Chinese Characteristics Compared: A Legal and Policy Perspective of Corporate Finance and Governance in Taiwan and China
Lawrence S. Liu
China Development Financial Holdings Corporation
Both dragon economies, Taiwan and China are poised to enter the World Trade Organization ("WTO"). The WTO accession will have significant ramifications for Taiwan, China, as well as their trading partners. Increasing competition will force Taiwan and China to reform their economic and financial laws and market institutions. Taiwan has had a head start in integrating with the global economy and implementing domestic economic reform. China, on the other hand, has garnered worldwide attentions and resources in recent years. Despite many political and social problems, she has managed to produce robust and consistent economic growth. This paper offers a preliminary comparison of corporate finance and governance in Taiwan and China from a legal perspective. This is a worthy examination because each in her own way has been an important model for economic development Taiwan and China share many striking similarities. Both are ethnic Chinese economies heavily affected by Confucian culture, controlled or guided by strong regulatory states, and yet exposed to ever-increasing international competition. Securities markets in Taiwan and China share similar Chinese characteristics: high volatility, state intrusion, and ownership concentration (albeit through vastly different types of ownership). Because of ideology, land area and population, political system, Taiwan and China are also stark contrasts. Most amazing, however, is the phenomenon that (like it or not) Taiwan is rapidly integrating with coastal China. Both Taiwan and China have chosen a continental system of company legislation, but their securities laws are both increasingly influenced by the American, Common Law model. In addition, since corporate finance is heavily regulated, one cannot scrutinize corporate governance performance without examining constraints on corporate finance as well. Likewise, if law matters to corporate governance, then judges matter, too. Even though Taiwan judges have better overall professional training, courts and the judicial system in both Taiwan and China are weak and inexperienced in enforcing shareholder rights meaningfully. Both have yet to converge clearly with international norms or best practices for corporate governance. In any event, a crude beginning in such cross-strait comparison still yields fruitful insights for further studies.
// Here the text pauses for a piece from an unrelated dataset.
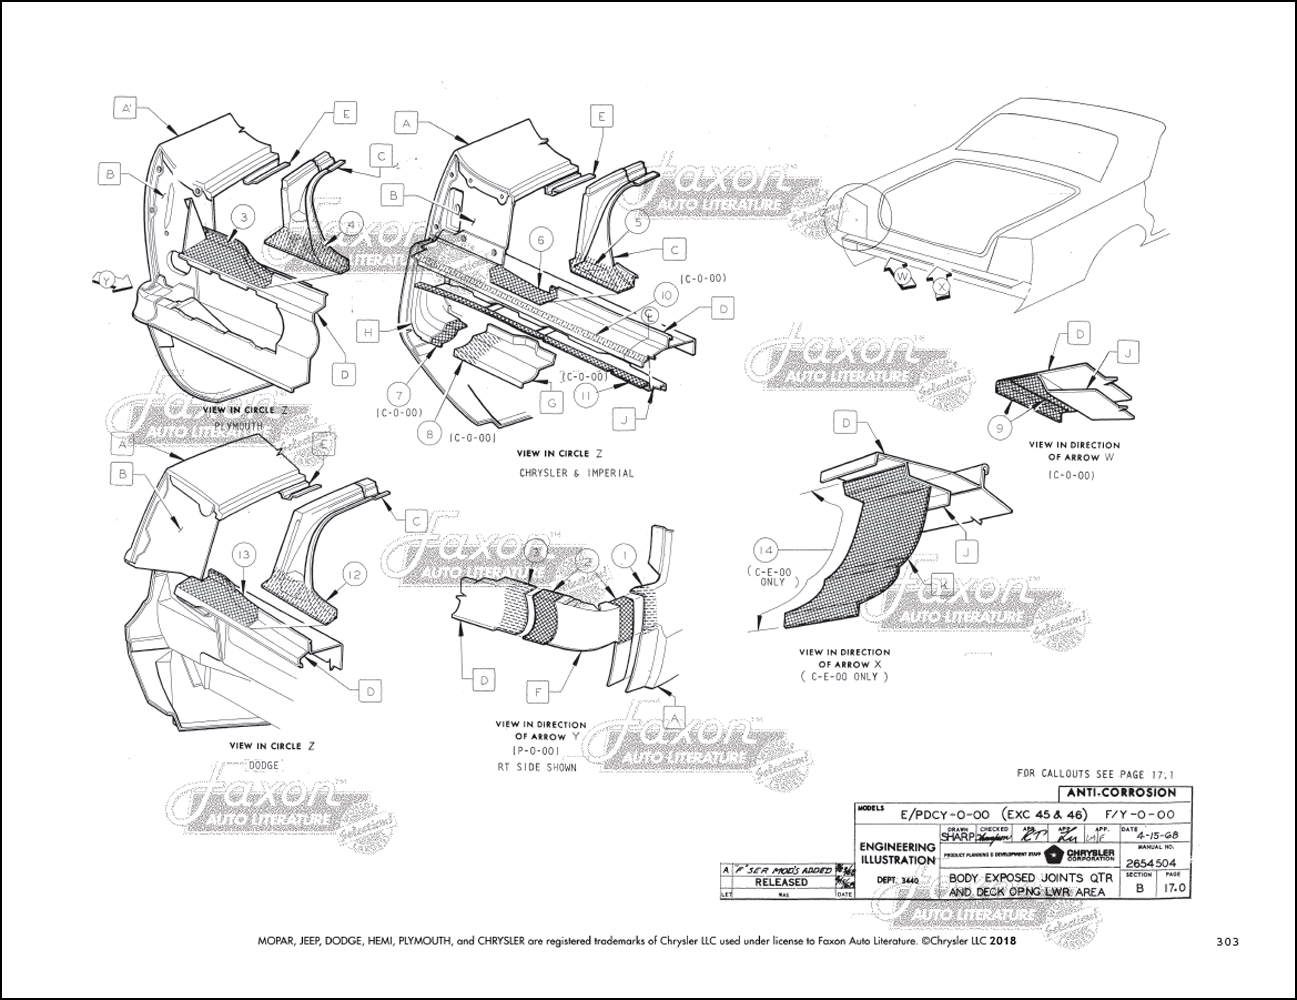 1969-1970 Chrysler, Plymouth, Dodge Big Car Body Assembly Manual Reprint

A salient feature of this paper is its examination of the relationship between corporate finance and corporate governance. Corporate finance rules may be more technical than corporate
governance ideals. However, as Karl Llewelyn said: "[T]echniques without ideals is a menace, but ideals without technique are a mess." My main argument, therefore, is that the two are related: rigid corporate finance rules in Taiwan and China reflect regulatory concerns with poor corporate governance. But rigid corporate finance rules could make corporate governance performance worse. To be sure, the nature of concerns is different in these to vibrant ethnic Chinese economies: in China the state is more concerned with asset stripping by directors and managers of state-owned companies; in Taiwan the concerns relate more to minority expropriation by founders of family-controlled listed companies. Rigid corporate finance rules may be a creature of legal transplant from the Civil Law tradition. Nonetheless, regulators find much comfort in such rigidity as, so they think, otherwise the corporate governance issues would be more difficult to manage. Yet in both Taiwan and China, markets are become more mature and sophisticated. This rigidity-based relationship between corporate finance and corporate governance cannot hold much longer. Unless market forces are strengthened and judicial protection enhanced, regulators will not be able to rise to the challenge of globalization faced by Taiwanese and Chinese companies.
This article is broken into three parts. Part I discusses corporate finance and governance issues in Taiwan. I examine the market features in Taiwan, the phenomenon of Taiwan's
family-control listed companies, the concept of a "market for corporate ownership" in Taiwan, mergers and acquisitions, the role, function and performance of board of directors and
supervisors of Taiwan companies, independent directors and fiduciary duty. I also examine the rigidity of corporate and securities rules in Taiwan, and their impact on corporate finance and corporate governance in Taiwan. Issues reviewed include share issuance rules, employee stock dividend or profit participation plan, capital adequacy rules, and quality of disclosure. I then look at banking and insolvency laws and problems and potential reform, regulatory competition in such reform, and a uniquely Taiwan style of functional securities class actions administered through a nonprofit institute supported by the securities regulator. Part II focuses on China and addresses similar issues as found in Taiwan. I begin with a historical and policy review of China's marketization and company law program, and then dwell extensively upon China's experimental and yet rigid corporate and securities, drawing comparisons with Taiwan rules at the same time. These rules relate to pre-incorporation licensing, the control of business scope and corporate power, reinvestment restrictions, single shareholder companies, holding companies, minimum capitalization requirement, restrictions on making loans and guarantees, legal representative, capital structure and restrictions on equity and debt offerings. I also examine China's extraordinary effort to list state-owned companies offshore in the broader corporate law context. Then I review ownership structure of Chinese listed companies, the role, function and performance of directors and supervisors, the need for class actions. Part III concludes this article with about a dozen observations of the respective state of corporate finance and governance in Taiwan and China and areas for further cross-scrutiny and improvement.